#### Dataset extract ####

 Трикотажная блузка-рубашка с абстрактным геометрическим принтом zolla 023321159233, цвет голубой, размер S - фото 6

####
#### Dataset extract ####

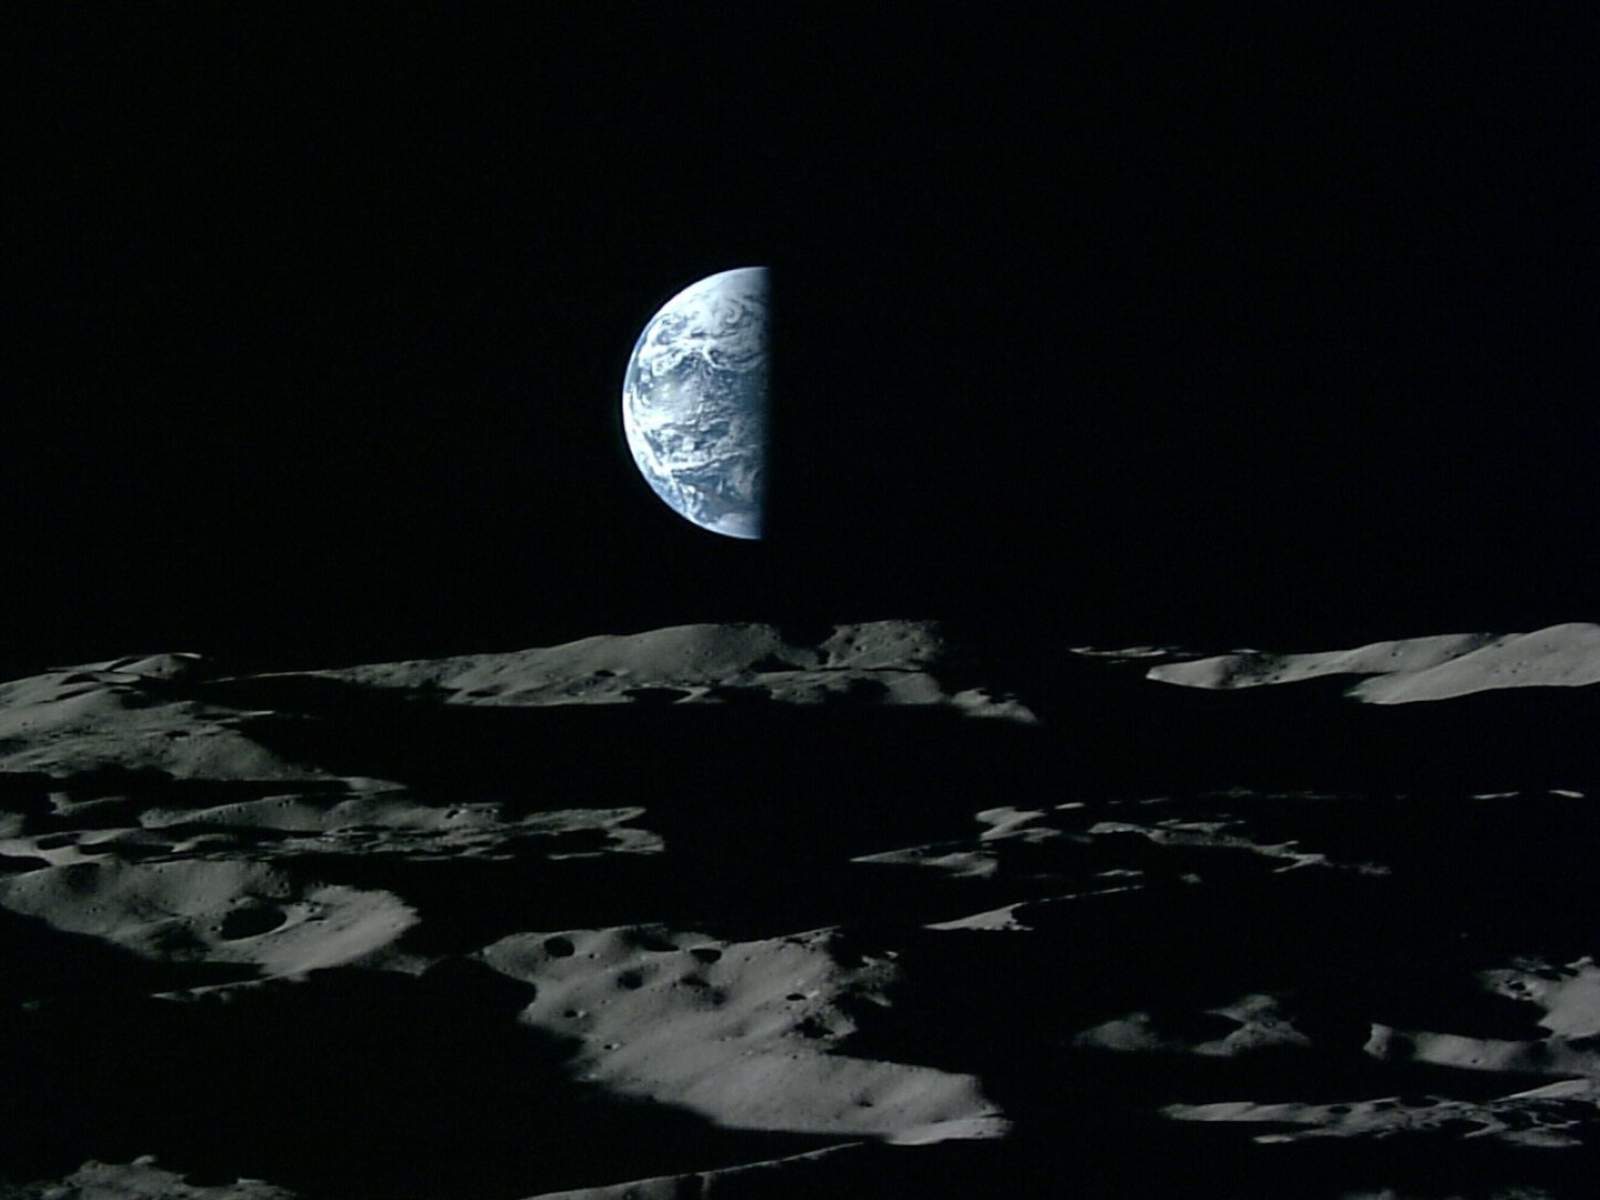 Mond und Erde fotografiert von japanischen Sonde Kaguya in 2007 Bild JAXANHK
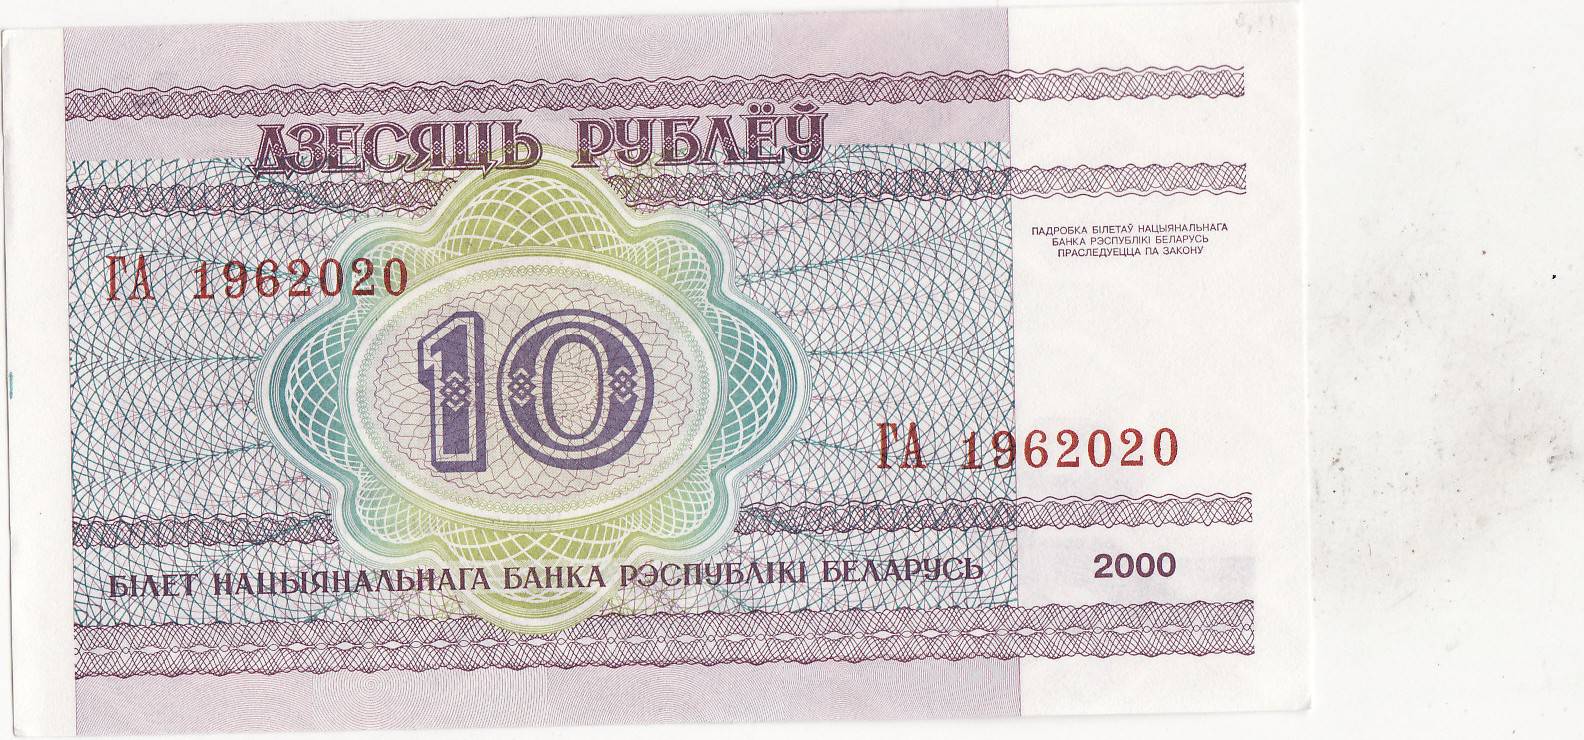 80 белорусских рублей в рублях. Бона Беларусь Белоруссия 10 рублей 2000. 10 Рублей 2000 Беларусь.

####

**Problem statement**
I'd like the lines above repeated exactly, from the one that contains "Mond und Erde" through the one that contains "80 белорусских рублей", with no pictures.

**Response area**
 Mond und Erde fotografiert von japanischen Sonde Kaguya in 2007 Bild JAXANHK
 80 белорусских рублей в рублях. Бона Беларусь Белоруссия 10 рублей 2000. 10 Рублей 2000 Беларусь.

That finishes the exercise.